Research & Papers

Scalable Kernel-Based Distances for Statistical Inference and Integration

New 'kernel quantile discrepancies' offer a competitive alternative to the widely-used MMD for comparing probability distributions.

Deep Dive

A new PhD thesis by Masha Naslidnyk, titled 'Scalable Kernel-Based Distances for Statistical Inference and Integration,' makes significant contributions to the mathematical tools used for comparing probability distributions in machine learning and statistics. The work focuses on kernel-based distances, particularly the widely-used Maximum Mean Discrepancy (MMD), which is favored for its computational tractability in tasks like two-sample testing and generative model evaluation. The thesis is structured in two parts: the first part delivers improved estimators for MMD in simulation-based inference and conditional expectation estimation, while the second part introduces a novel family of distances designed to overcome MMD's inherent limitations.

The core technical innovation is the introduction of 'kernel quantile discrepancies' (KQDs), a new class of distances that move beyond comparing only the mean embeddings of distributions, as MMD does. Through both theoretical analysis and empirical study, Naslidnyk demonstrates that these KQDs offer a competitive and often superior alternative to MMD and its fast approximations. This advancement addresses key pitfalls in distribution comparison, potentially leading to more robust statistical inference, better-calibrated models, and more efficient integration methods.

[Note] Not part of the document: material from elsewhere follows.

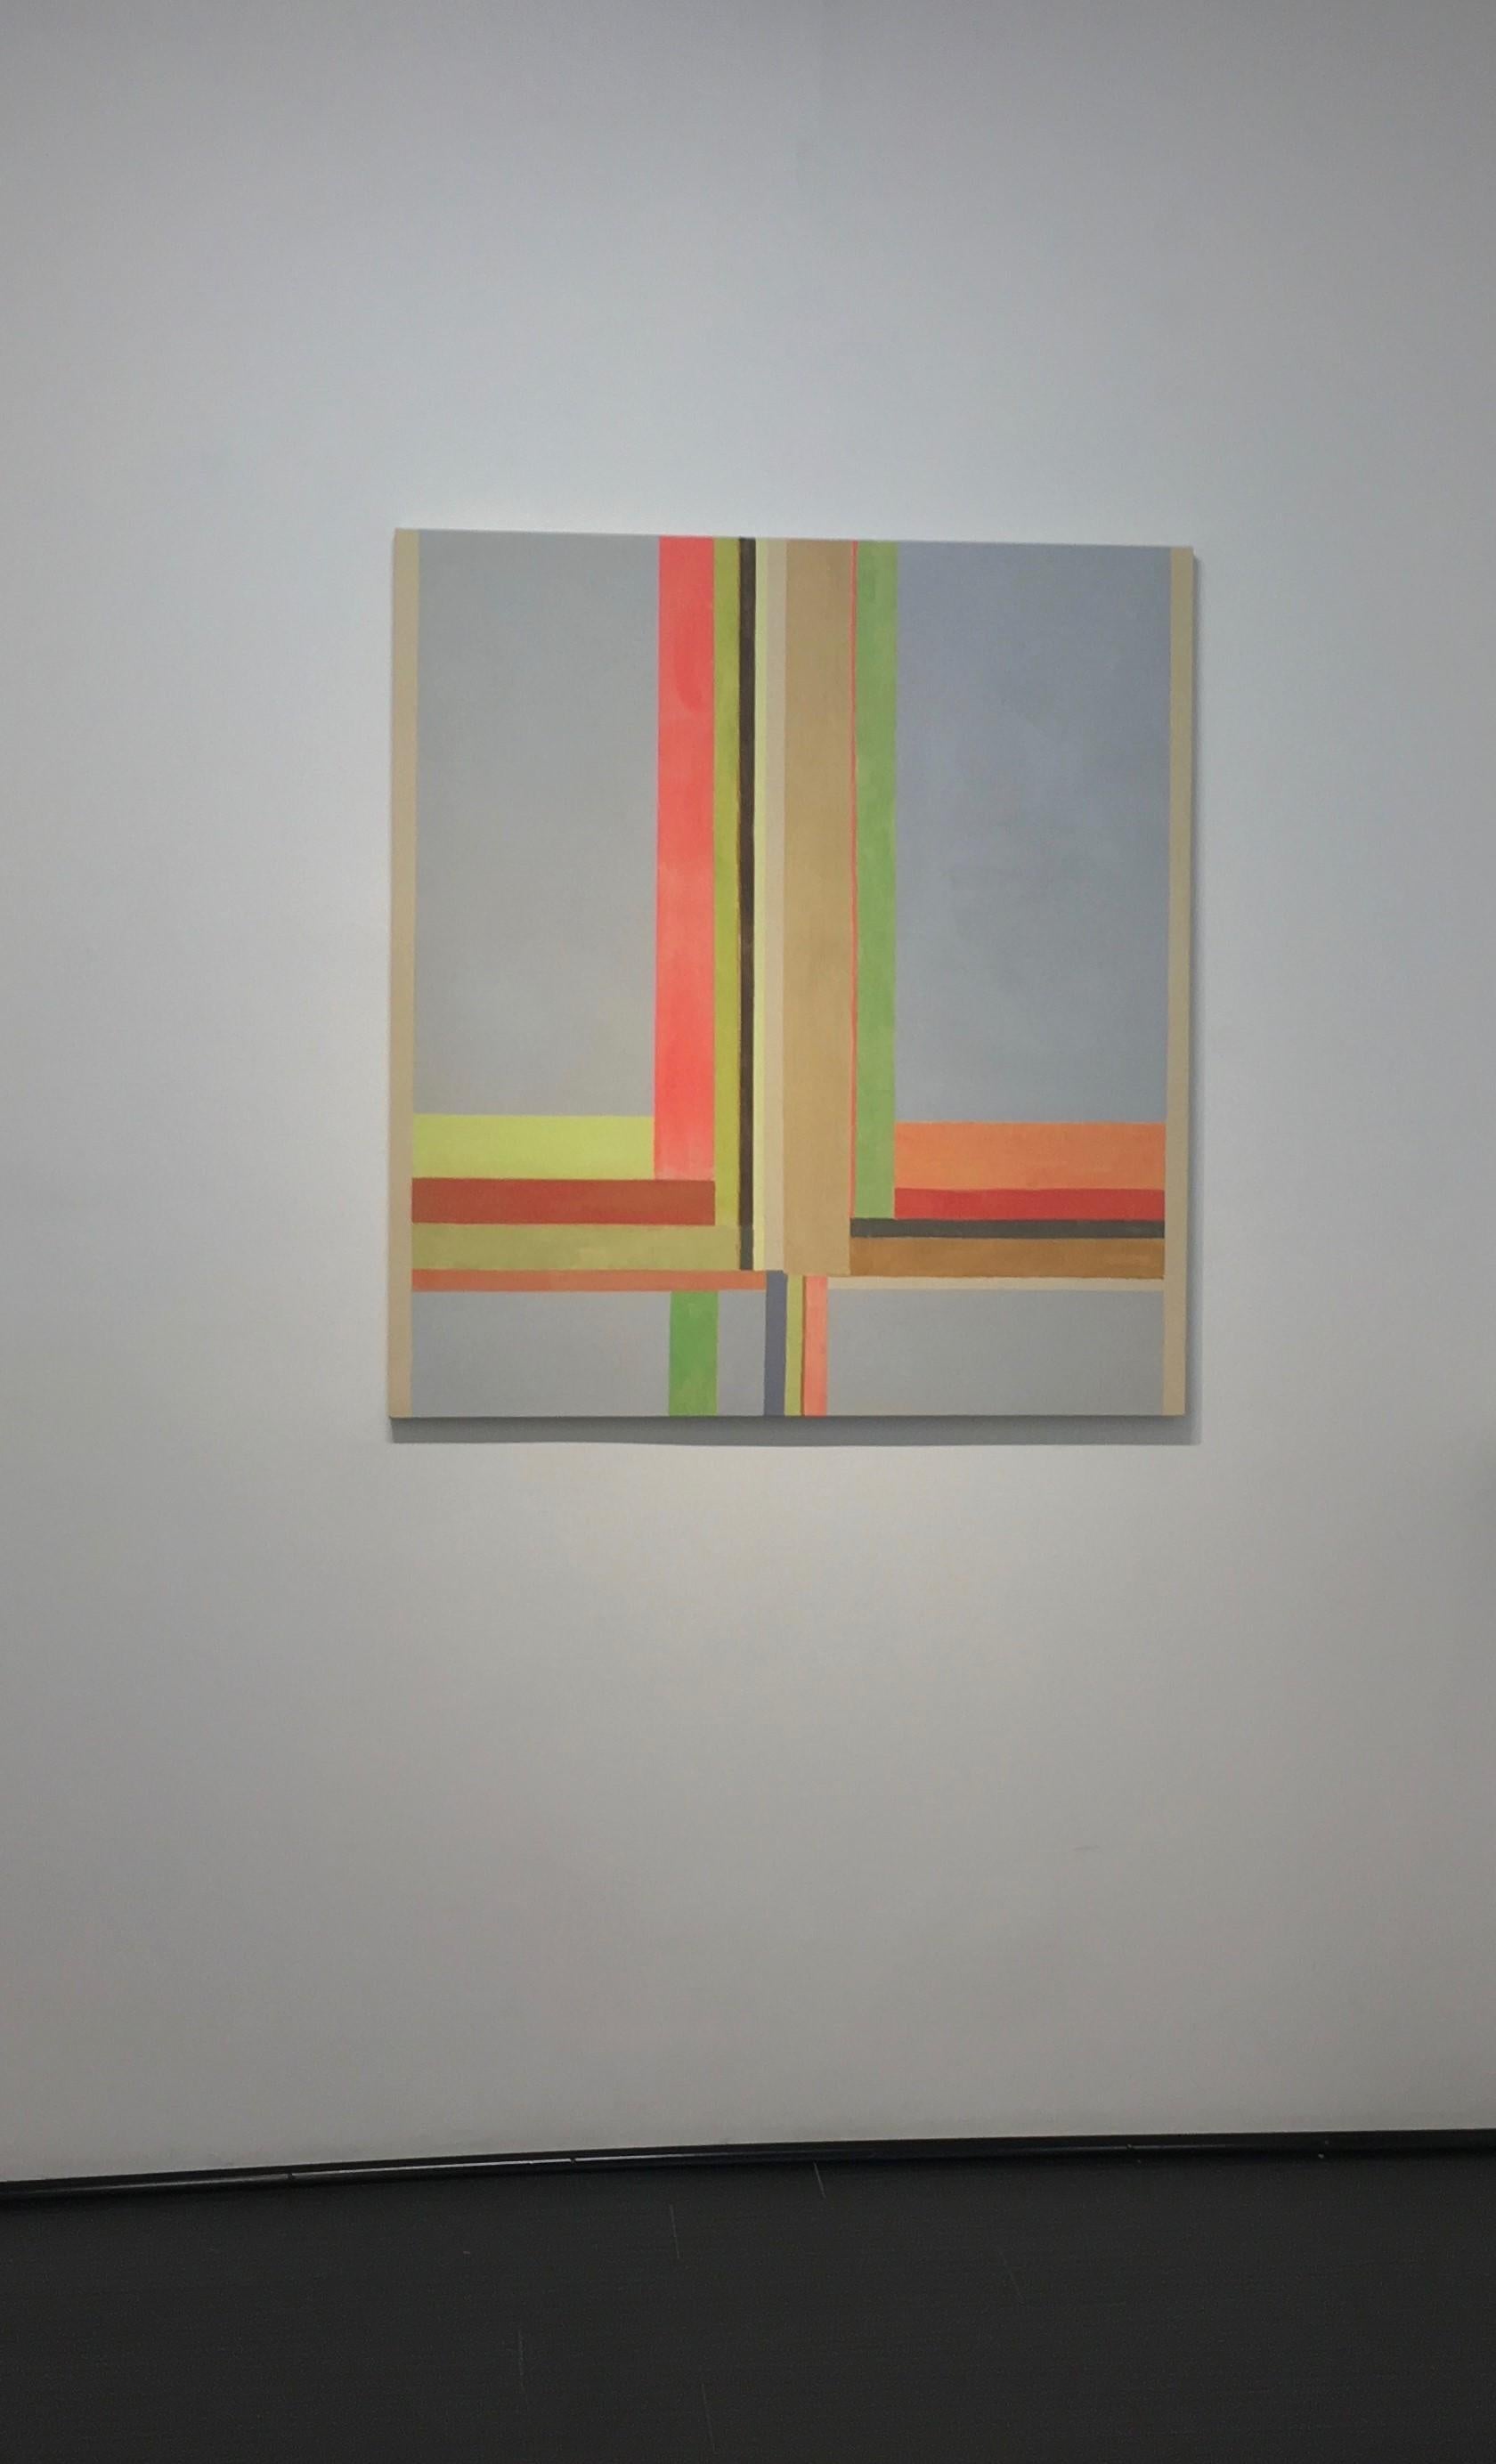 Duende Three, Stripes Beige, Orange, Yellow, Red, Green, Gray - Painting by Elizabeth Gourlay
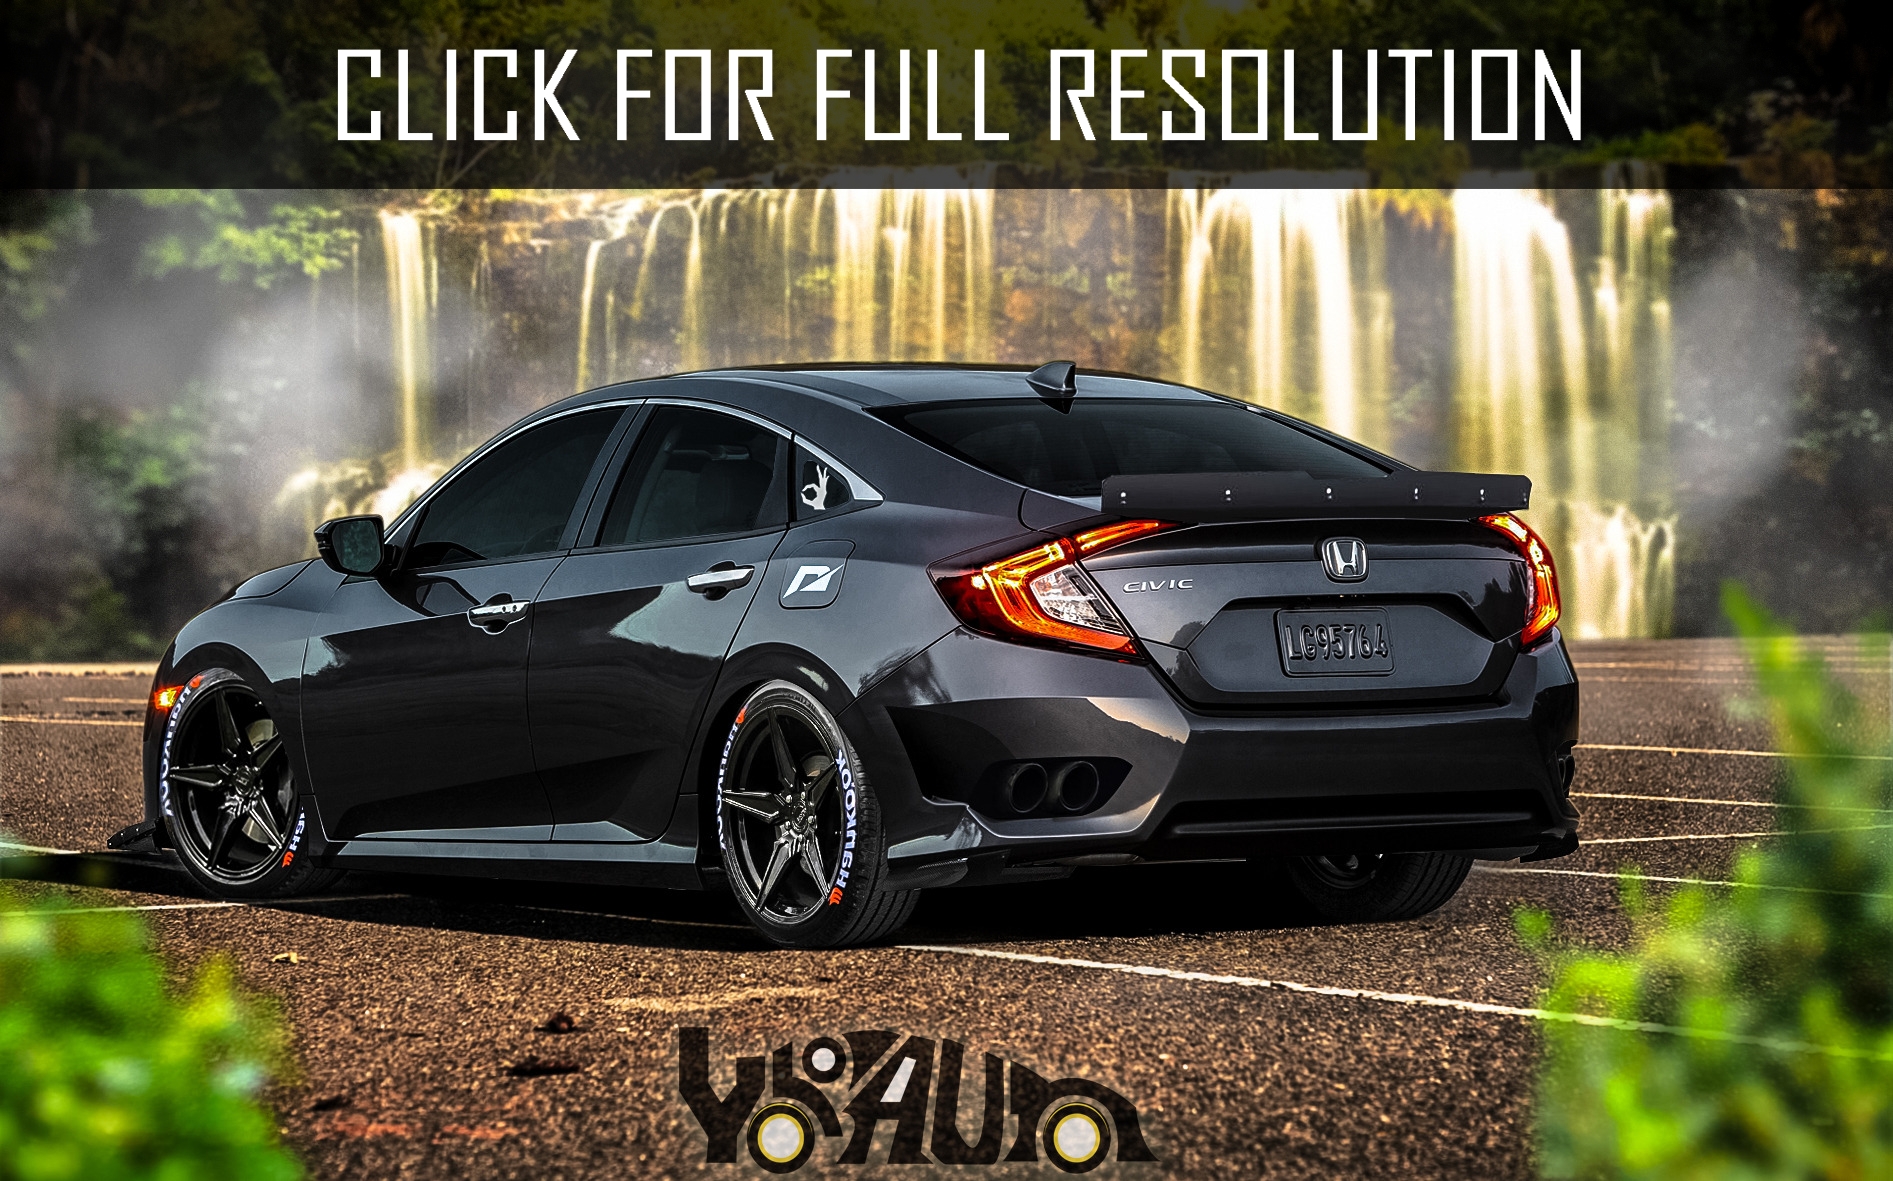 Honda Civic Modified amazing photo gallery, some information and

The work provides a rigorous foundation for practitioners to choose and implement distances that encode specific desired properties like robustness or smoothness in their machine learning pipelines.

Key Points
  • Introduces 'kernel quantile discrepancies' (KQDs), a new family of distances that compete with the standard Maximum Mean Discrepancy (MMD).
  • Provides improved, theoretically-sound estimators for MMD to enhance simulation-based inference and conditional expectation calculations.
  • Demonstrates through theory and experiments that the new methods address known pitfalls of MMD for tasks like statistical integration and calibration.

Why It Matters

Provides better mathematical tools for comparing data distributions, which is foundational for evaluating AI models, robust statistical testing, and simulation.